_DATA FOR THE TASK_
__________________________________________________

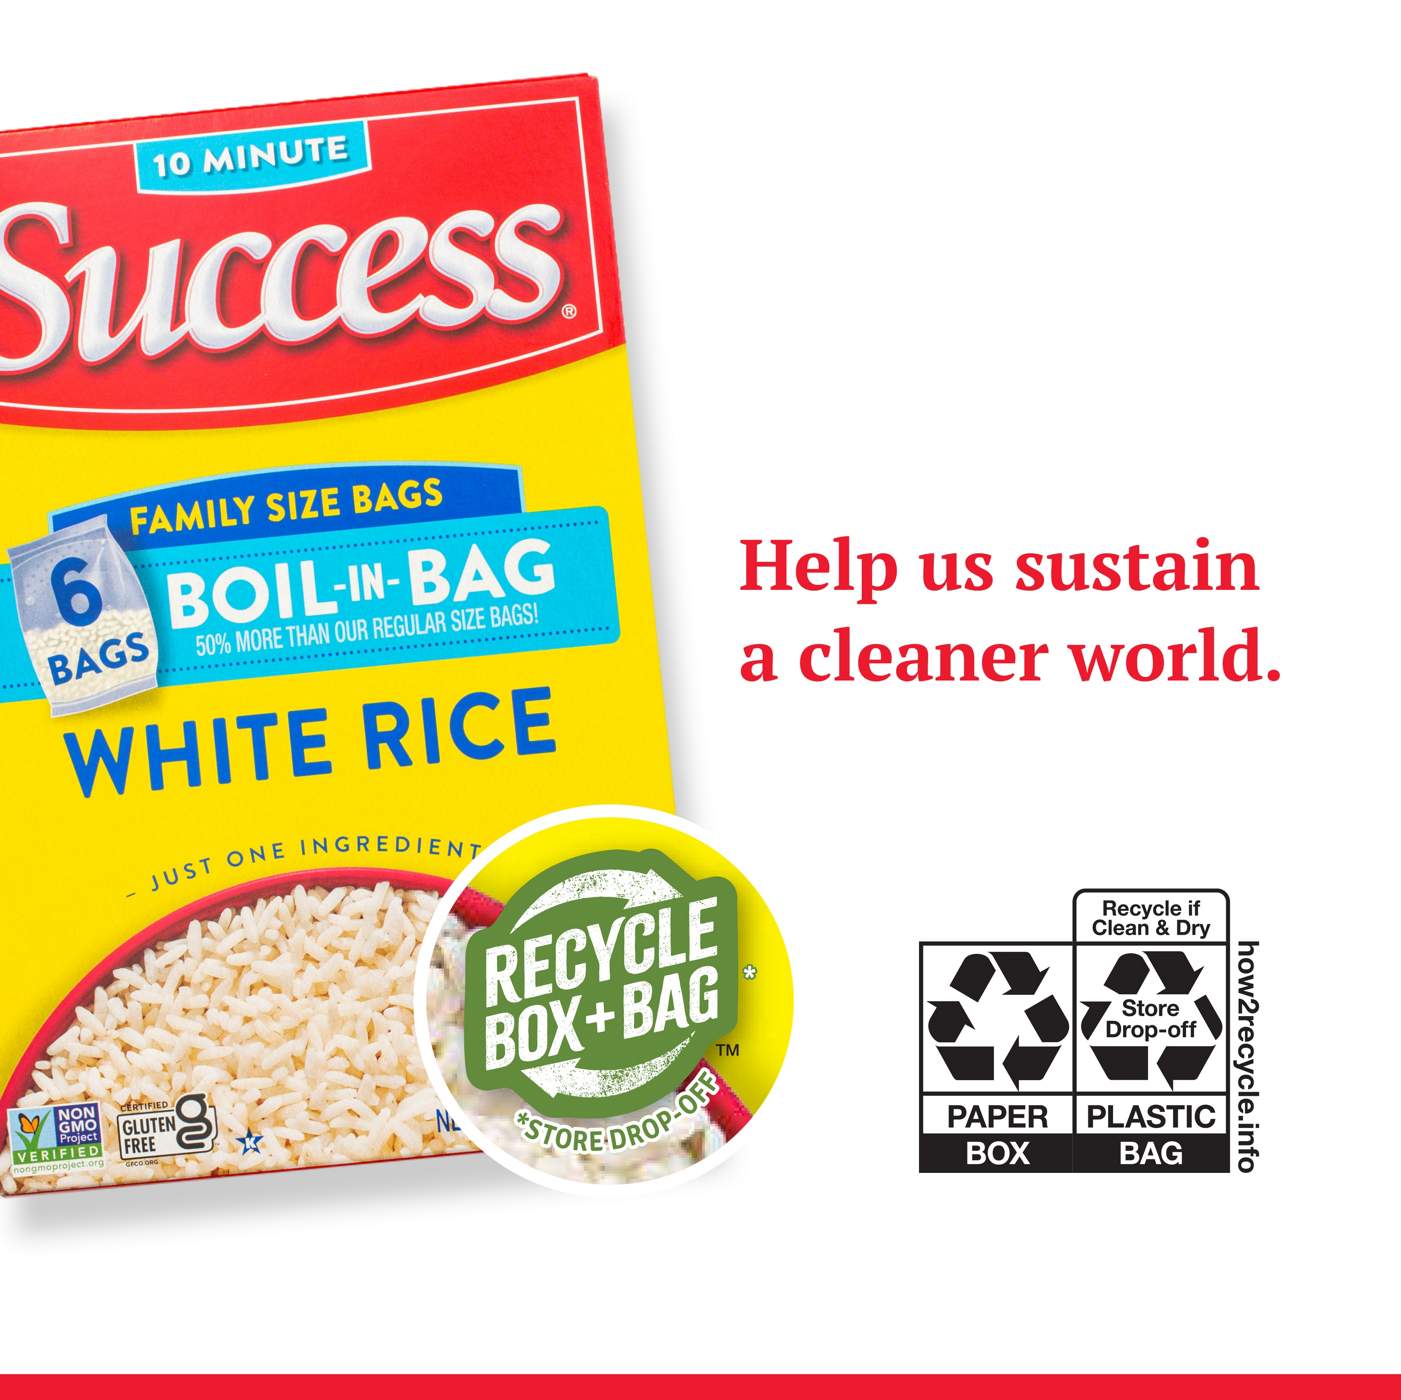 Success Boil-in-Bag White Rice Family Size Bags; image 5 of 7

__________________________________________________

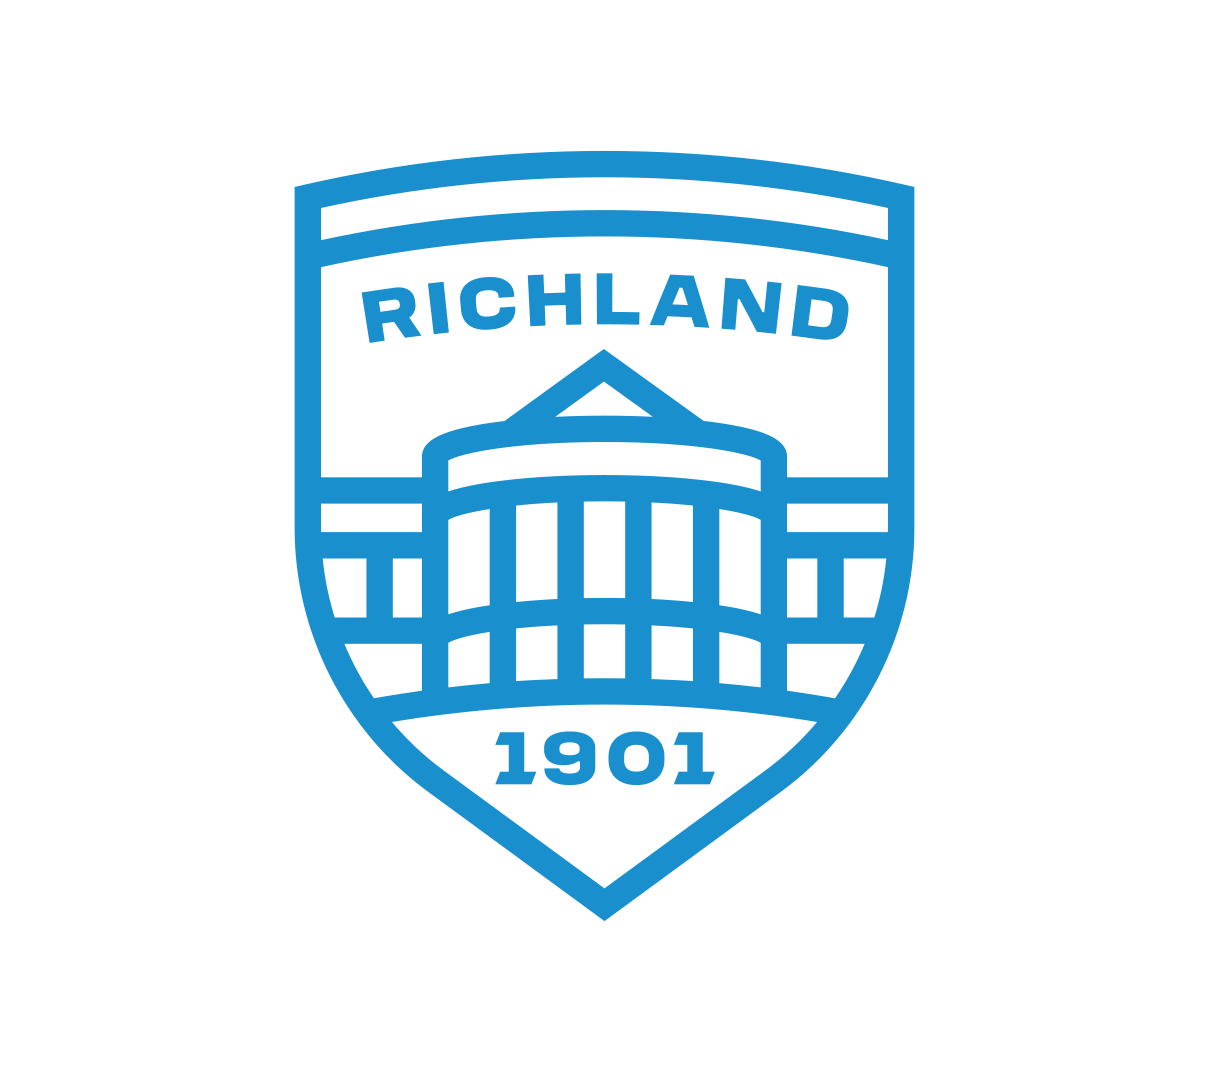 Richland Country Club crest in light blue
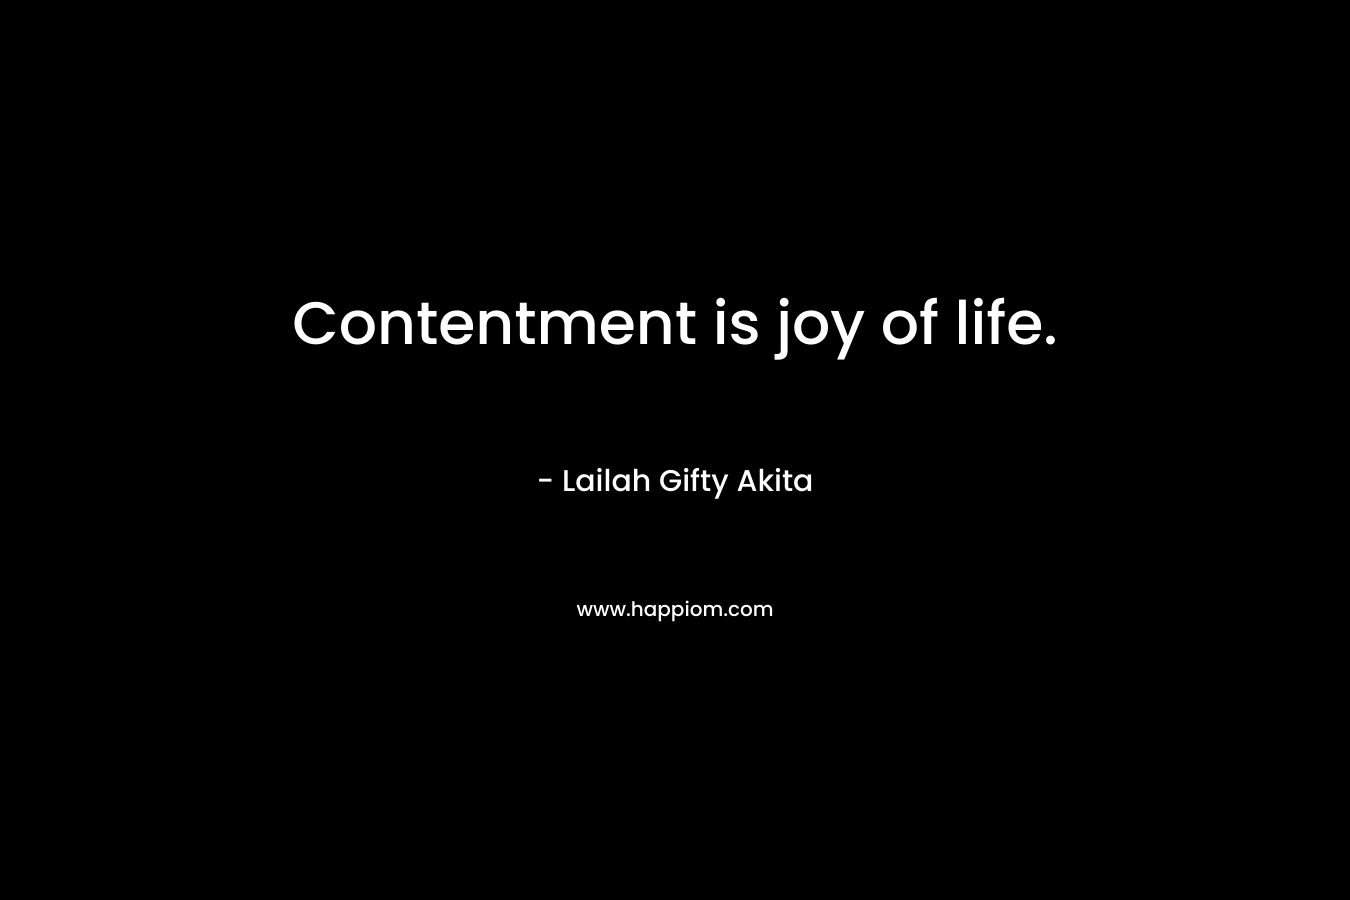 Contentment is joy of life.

__________________________________________________

_ACTIVITY_
Look above for the line containing "Richland Country Club crest in light blue", then write out every line from there down to the line containing "Contentment is joy of life.", that line included, with no pictures.

_SOLUTION TO THIS TASK_
 Richland Country Club crest in light blue
 Contentment is joy of life.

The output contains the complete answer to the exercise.